Maybe your coach has carried the GPP stuff for too long and you’ve fallen into that “dynamic stereotype” which can be a bastard of a thing, but which is pretty common.

It’s not surprising that you’re not putting it together in your races. You just began your season, and you should be pretty far away from putting together your endurance for the 800m, considering how good your 400m is doing.
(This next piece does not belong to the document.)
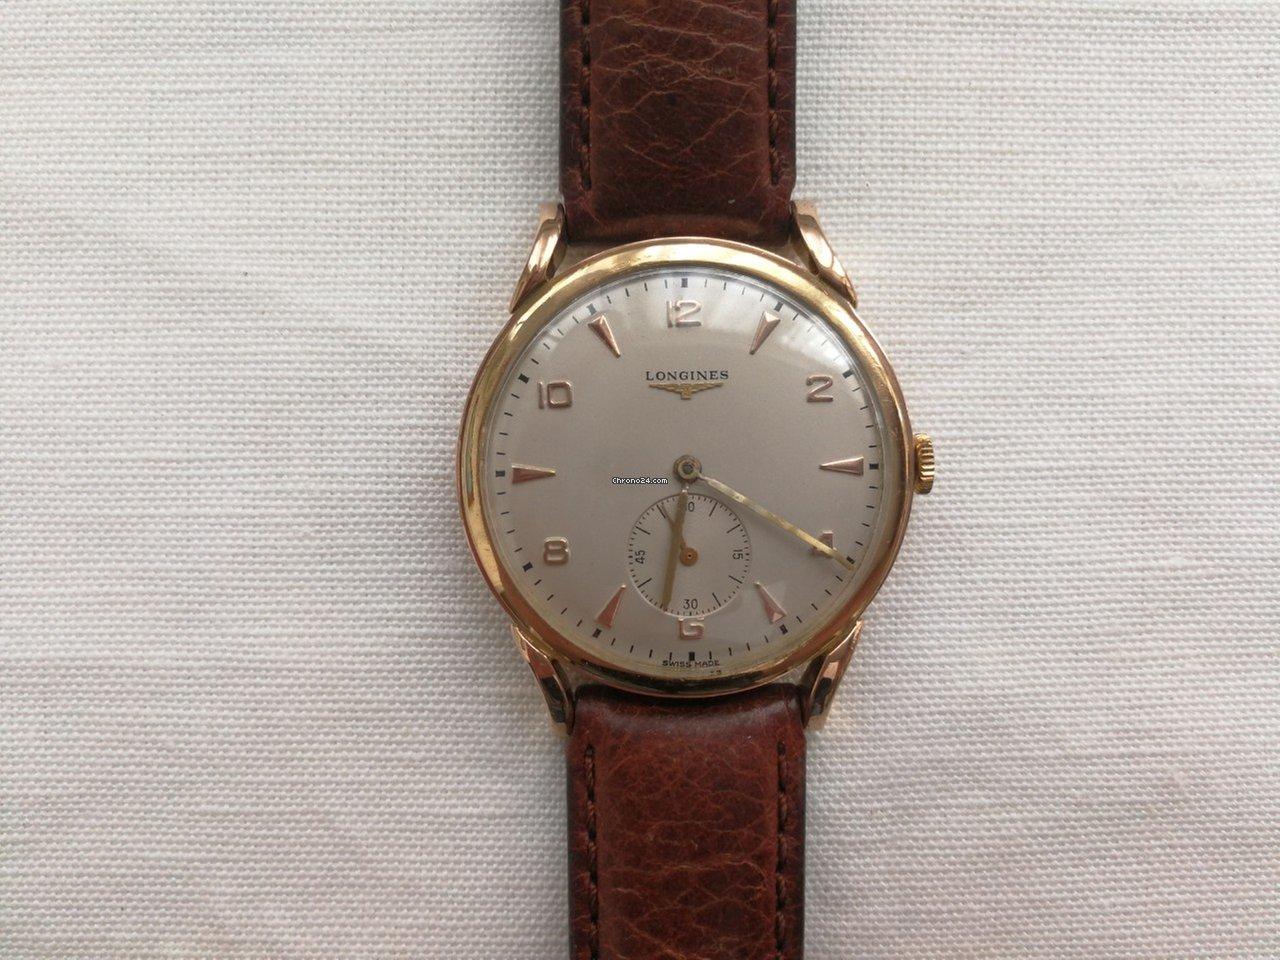 fe2e8f27231 Comprar relógios vintage baratos na Chrono24

So I though I would update my progress if anyone is intressted.
Today I ran 6200 with a average of 29,5, rest 1.30 min, witch is about 75-80% next tuesday I was planing if everything feels okey to do a 8200 same pace. Two weeks from now 6200 all sub 28 and the week after that 8200 sub 28. Thoughs? Right now I´m doing Olylift, deadlifts and som rehab before this SE wo. Would it be to rough if I did the same sort of planing if times drop to 26-27? (85%) If I execute this well what would be the next step?

why are you plannning on going up to 8 instead of staying at 6 and dropping time? There will be a HUGE difference going from 6-8 as far as lactate goes as I’m sure you noticed on reps 5 & 6 compared to 3 & 4.

If you want a volume variation what about 3 x 3 x 300?

Yes. You need to start moving down.

Anyone who thinks more volume will compensate for less speed is kidding themselves. Bite the bullet, get into the rhythm of your race and get used to it.

From a NZ forum

[i]Just to add to that story of meaty 400m runners.

Michael Johnson one session:

10x200m all under 21secs followed by 3x400m under 45secs.

INCREDIBLE![/i]

My athletes would have needed more than a day rest in between every rep!!!

from everything hart or johnson ever said thats some deluded johnson groupie’s fantasy workout.

Not even close to reality. If you post on that site be sure to tell whoever posted this to put down the crack pipe.